Ort nicht allen aber vielen Geschehens: Schloss Maretsch in Bozen

Lukas Harpf, Biersommelier, Certified Member of the Institute of Masters of Beer und Getränkehändler aus Bruneck eröffnete den Schulungstag mit einem Überblick über die italienische Bierszene. Italien war ursprünglich ein Weinland. Die ersten Brauereien entstanden erst Mitte des 19. Jahrhunderts in den italienischen Alpen, wo das Klima das Bierbrauen eher ermöglicht als in den südlicheren und damit wärmeren Regionen. Oft aus Österreich stammende Menschen gründeten sie mit Technik und Personal aus Bayern und dem Habsburgerreich. Bis 1995 gestalteten ganze neun Brauereien den italienischen Biermarkt.

  • Birra Wührer, Brescia, 1829
  • Birra Menabrea, Biella, 1846
  • Birra Peroni, Vigevano, 1846
  • Birra Forst, Algund, 1847
  • Birra Moretti, Udine, 1859
  • Birra Dreher, Triest, 1865
  • Birra Poretti, Induno Olona, 1877
  • Birra von Wünster, Comun Nuovo, 1879
  • Birra Pedavena, Feltre, 1895

Drei große Krisen prägten die Situation. Der erste Weltkrieg brachte Rohstoffknappheit. Mit dem Faschismus kam eine nationalistische Politik, was die stark vom Import abhängige Brauwirtschaft schwächte. Der zweite Weltkrieg versetzte der Branche einen weiteren Tiefschlag. In den 1950er und 1960er Jahren lag der Bierkonsum bei vier Litern pro Kopf und Jahr.

1974 stieg mit Danone das erste ausländische Unternehmen als Teilhaber von Birra Wührer in den italienischen Markt ein. Heineken, Carlsberg und SAB Miller folgten. 2022 produzierten die Brauereien des Landes 18,4 Mio. hl Bier bei 7,8 Mio. hl Import und 3,4 Mio. hl Export. Sechs Braugruppen kontrollierten 76 % des Marktes, davon alleine Heineken 33 %. Birra Castello mit 5 % und Birra Forst mit 4 % Marktanteil agieren als größte italienische Brauereien. Der Bierkonsum liegt mittlerweile bei 37,8 Litern pro Kopf und Jahr. Dies ist jedoch nicht nur ein Resultat des Engagements internationaler Konzerne, sondern in erster Linie ein Erfolg der Craftbierbrauer.
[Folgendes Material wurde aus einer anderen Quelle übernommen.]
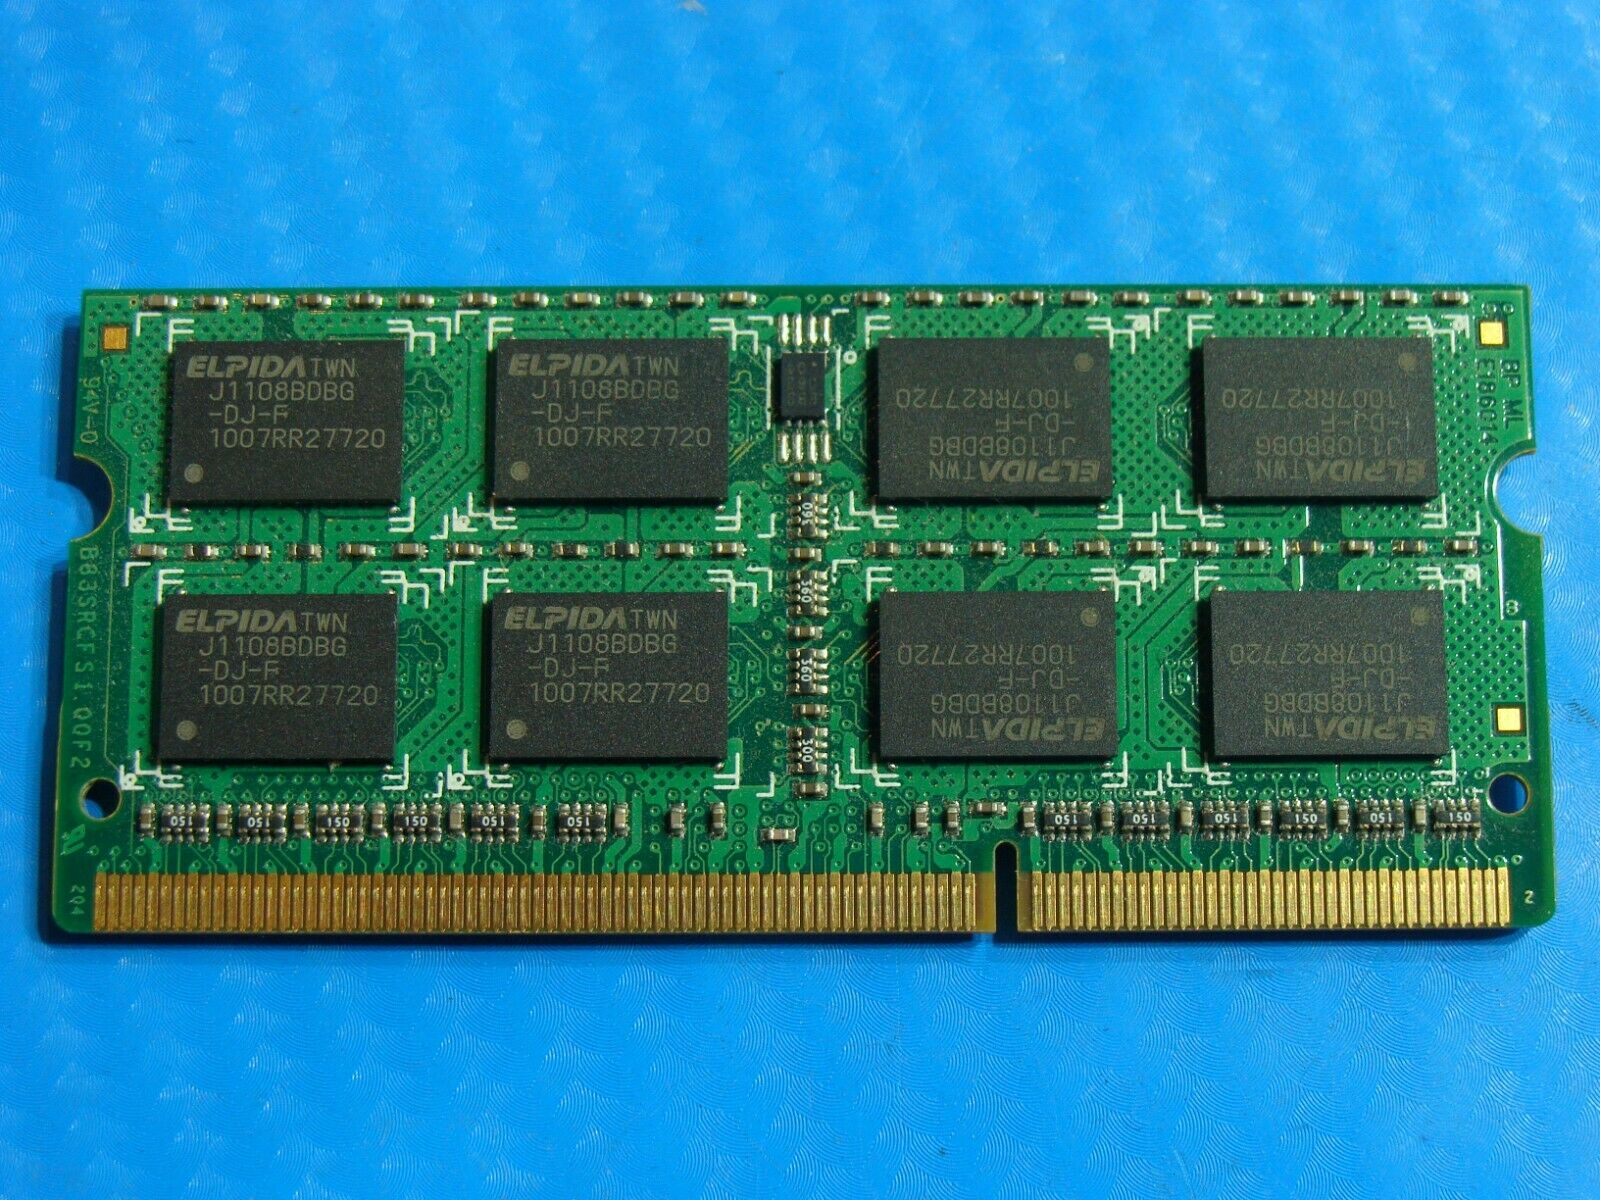 Sony PCG-71312L ADATA 2GB 2Rx8 PC3-8500S SO-DIMM Memory RAM EL7YG1B1672ZG #1 - Laptop Parts - Buy Authentic Computer Parts - Top Seller Ebay

Die italienische Craftbierrevolution ähnelt in vielen Bereichen der amerikanischen. In den 1990er Jahren prägten wenige internationale Konzerne den Markt und brauten durchweg helle Lagerbiere. Den Startschuss gab das Gesetz Nr. 504, das 1995 das Heimbrauen legalisierte. Drei Menschen hörten diesen Startschuss mit als erste:

  • Teo Musso eröffnete 1996 in Piozzo einen Brewpub und gründete Birra Baladin.
  • Agostino Arioli eröffnete ebenfalls 1996 in Lurago Marinone einen Brewpub und gründete Nuovo Birrificio Italiano.
  • Lorenzo Dabove, genannt Kuaska, aus Genua, gründete keine Brauerei, begann aber als Bier-Enthusiast über Bier zu schreiben, Vorträge zu halten und die italienischen Craftbrauer zusammen zu bringen.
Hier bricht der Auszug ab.